Crows? Really? Auck! 

Clearly, none of you have kids with GI issues, like SIBO, that's all I'm saying. I'd be dealing with the fallout (ahem) of bad meat for weeks.


----------



## Traveltmrn

nothing I can add to this! hahahha. Yes, they like it a bit on the ripe side. I have to hold my breath though. ugh


----------



## minniesmom

So glad I found this thread! I hate throwing out another container of food I left out took long. Hard to fathom e coli being an issue for dogs… they lick the ground and worse…


----------



## wolfy dog

I take meat out of the freezer after I feed them so it is out for about 24 hrs.
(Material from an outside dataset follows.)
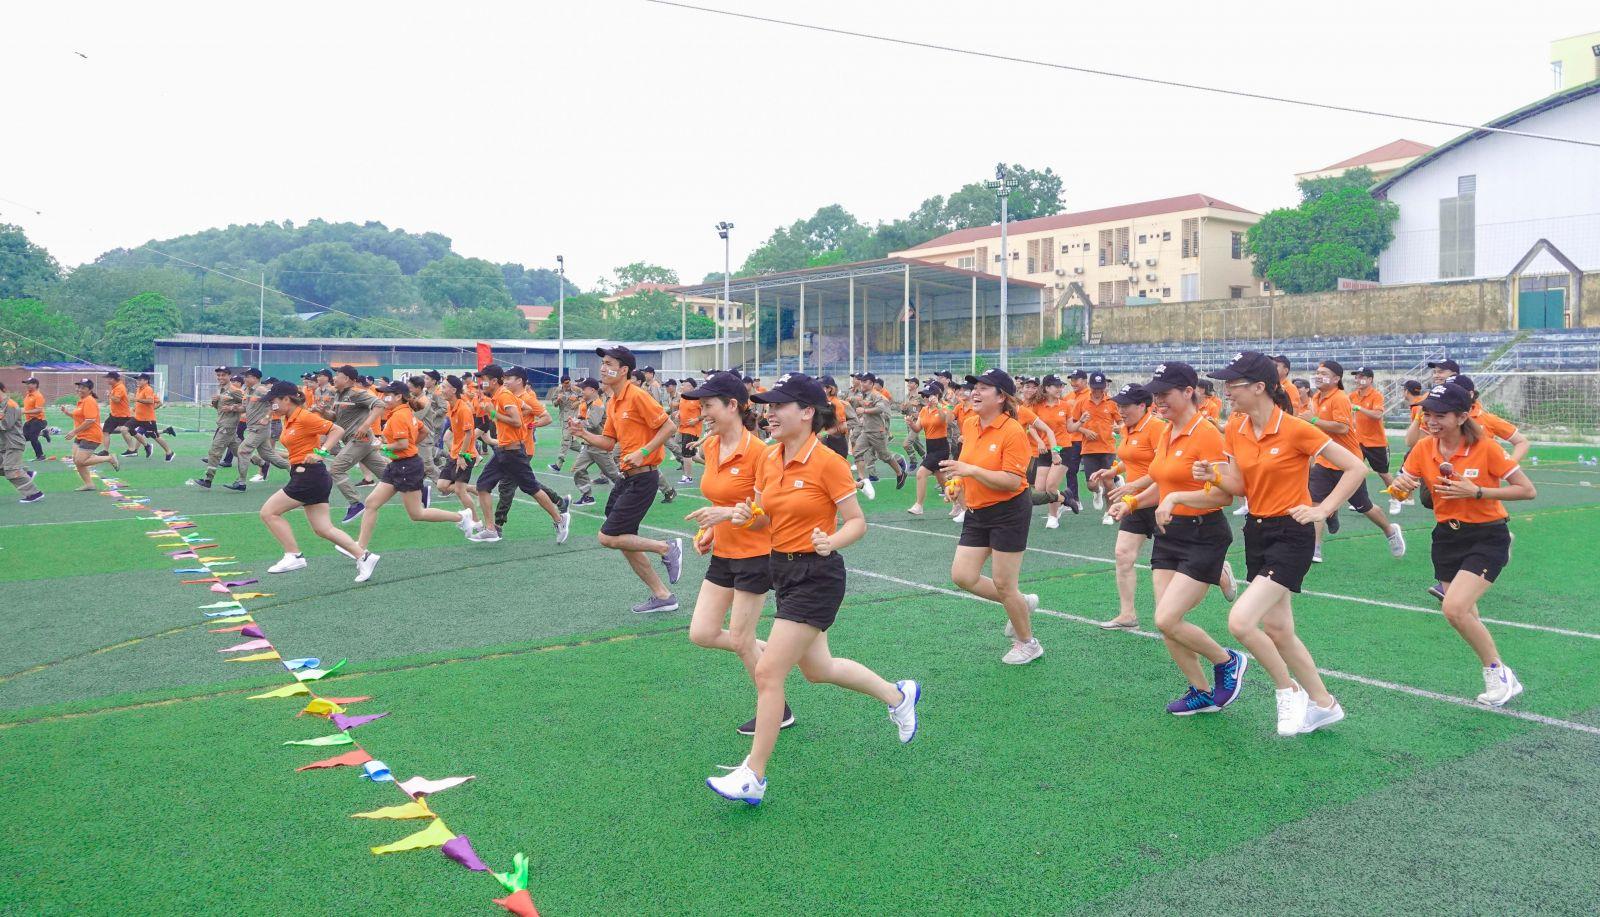 Chương trình được tổ chức tại sân vận động Suối Hoa, TP. Bắc Ninh.

Never had an issue. I catch them in the forest snacking on left overs from a predator sometimes and never had a problem.


----------



## Sunsilver

I once took some steak bits home for my dogs after a meal at my brother's house, and left them in the back of the fridge until I was starting to wonder what the smell was. I put them in the trash, and left the trash bag by the door, intending to take it outside to the garbage can ASAP.

I forgot about it. My trash hound (Star) got into it and ate the steak bits.

As far as I could tell, there were no repercussions at all! 

But it does depend somewhat on the dog. I watch Dr. Pol on TV a lot, and he often has dogs come in suffering from what vets call 'garbage gut' - severe digestive upset from eating garbage, dead deer carcasses, etc. 

Fortunately, Star had a cast-iron gut!


----------



## WNGD

SunCzarina said:


> Mine get all mad at me when I throw out hamburger that slightly brown. Sometimes I wonder why I change the water dish when there's mud on the bottom - the dogs are always pleased to be drinking out of that dirty puddle on the driveway.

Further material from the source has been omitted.